I have a 100 watt Red Dragon RDL6040 that came with a 63mm focus lens. I also ordered a shorter focal length lens at 50mm. Red dragon say just replace the 63mm lens form the 50mm in the laser head and all will be fine. Yet on line I can see laser heads all stating the focal length. Do I need another tube of different length to change between lenses? What if I wanted a 103mm lens?
Regards
Mick
Do a ramp test to find it’s focal point… You should do this when you change optics in the path to ensure it’s properly operating.
With lenses, tubes and nozzles there are a few things to keep in mind.
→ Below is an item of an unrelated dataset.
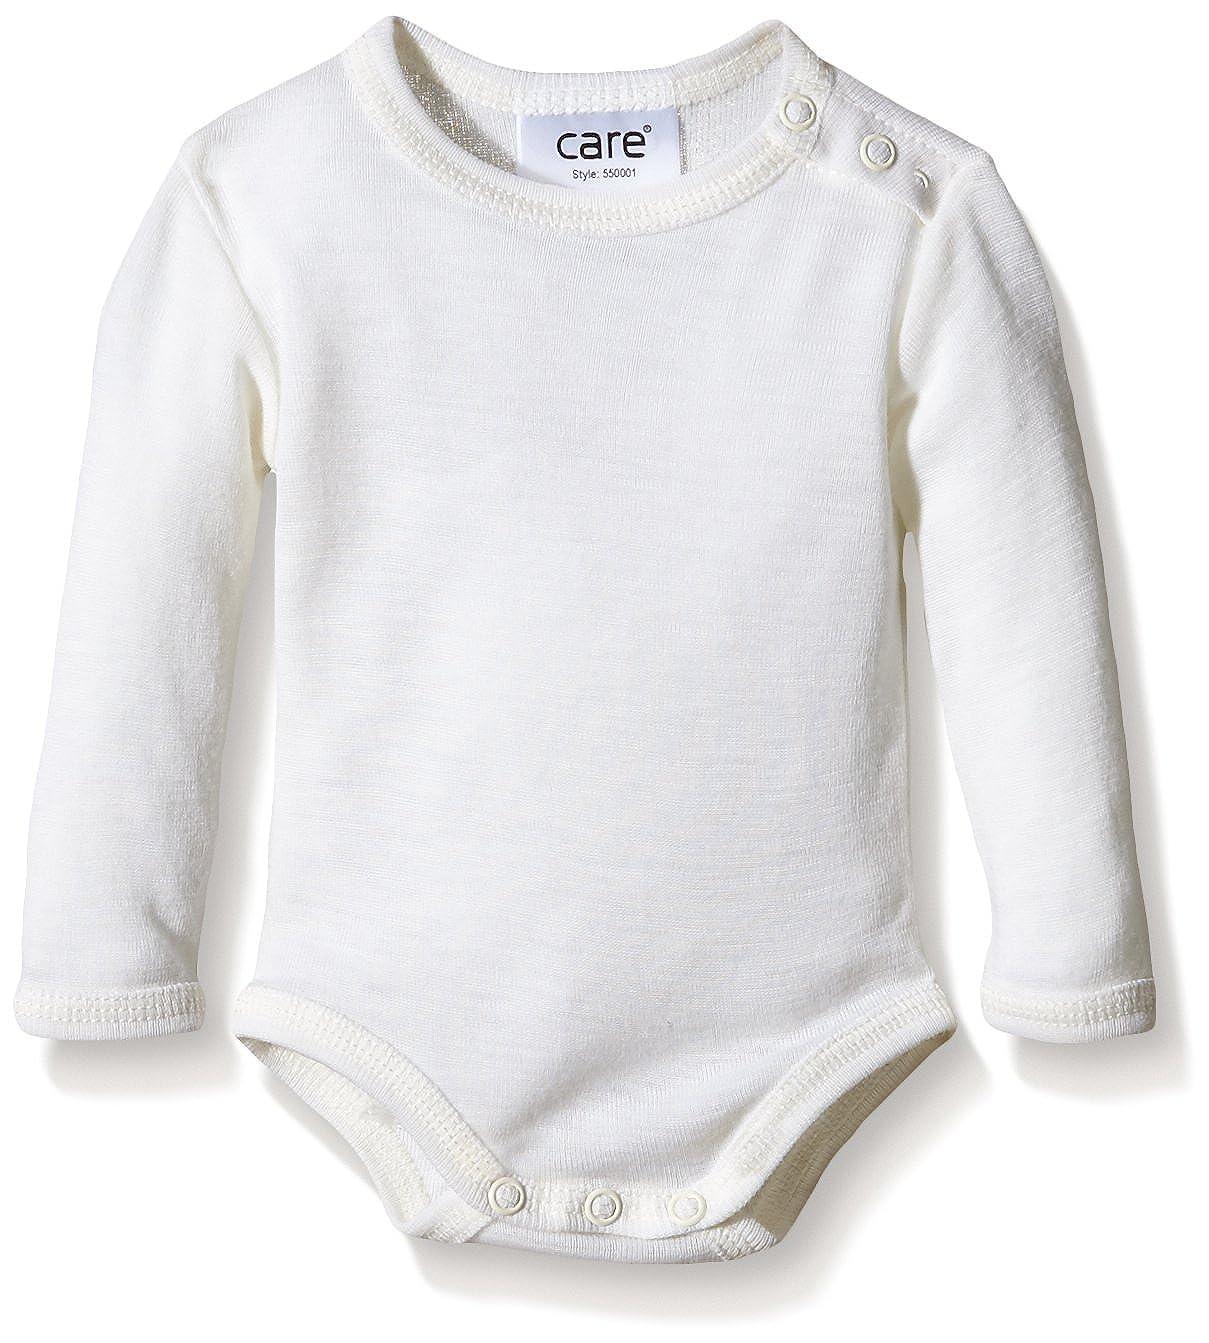 Care Body Unisex - Bimbi 0-24 Avorio (Offwhite 200) 550001

Notice where the lens actually is, nozzle configuration, the distance from the material and the intended purpose. The lens must have ‘room’ to get through the nozzle outlet. Long lens the focus far from the object will have a bigger beam, growing smaller as it reaches the material. There nozzle must have a ‘hole’ large enough to accommodate this.
These tubes can be ‘flipped’ over to change lens position…
These are ‘c’ series lenses/tubes but hopefully it will help better than me trying to explain it.
I am lacking the 2.5" lens, but have the rest of them.
If you want the ‘best dot’ lens, for engraving the compound lens is probably the best choice, if you can fit it in your system…
I have my lenses in separate tubes and nozzles.
Thanks Jack
I appreciate your reply… I guess what you are saying is yes, you will need to have the appropriate Laser Head to accommodate the differing lenses.
Here are a couple things to keep in mind. The laser beam that bounces off the mirrors is pretty much a constant diameter. The purpose of the lens is to concentrate that energy into a very small dot. The purpose of the tube is to hold the lens and the nozzle. The nozzle is important because pressurized air inside the nozzle rushes out the hole and helps the beam cut and also blows smoke out of the way. So the lens is held as some focal distance from the work and the air has to make it into the cut. Farther the focal length the more difficult it is for the air to hit the cut with any volume. Also the beam might be wide at that point so the hole in the nozzle might be bigger.
So its preferred to have a lens tube for every lens. However long lenses with the lens stuffed way up inside the tube is not ideal. Just my opinion. So on my long lens I mounted it at the end and skipped the nozzle and just direct the air down on the cut.
Most of these machines are low cost, so they don’t target a wide variety of things like tube/lenses.
Just keep your eye open as there are options that creep up… The more you know the better… and the better decisions you make.
Take care
In most cases, a 2" lens is best all-around.
The beam leaves the lens at about the same diameter it enters, and converges 2" down. A 2D section of that is a triangle. We don’t want that triangle to clip on the air assist cone orifice. The more clearance there is between the focal point and the cone, the larger that orifice needs to be which can make for bad airflow.
The necessary relationship is just trigonometry of beam diameter, focal distance, and orifice size and placement. When we change lenses to a different focal length, usually we still use the same nozzle orifice size, but either place the lens higher or lower in the tube or use a tube of a different length that places the nozzle orifice further or closer to the lens.
Since we’re just looking at the beam forming a cone (triangle on 2D model), you can see how the laser’s spot widens when you get out of focus. Like warped material. A longer lens with the same beam diameter is a more acute triangle, and less affected when the cutting height varies from the perfect focus. i.e. it has a greater “depth of focus”.
However, there’s a cost- for reasons that are all “crazy physics stuff”, the minimum spot size at perfect focus actually scales with the RECIPROCAL of the focal length. Going from a 2" lens to a 4" lens doubles the diameter of the focal point, reducing its energy density by a factor of 4x. Also since it’s a larger diameter, it’s a larger kerf, and can’t engrave fine detail.
For fine detail, or where we have to have high energy density on a very flat, thin surface like burning off anodization from aluminum, we can use a 1.5", 1" lens- or, this compound engraving lens is a CRAZY 10.5mm, it will produce a radically more intense focal point, 23x the energy density!
However, the cost is a reduced depth of focus. These have to be at the PERFECT focal point, and must be very flat. These are terrible at cutting anything that’s not very thin. Also, high resolution engraving with a finer focal point means the line interval must also be scaled down- which scales up the runtime for a given area of work.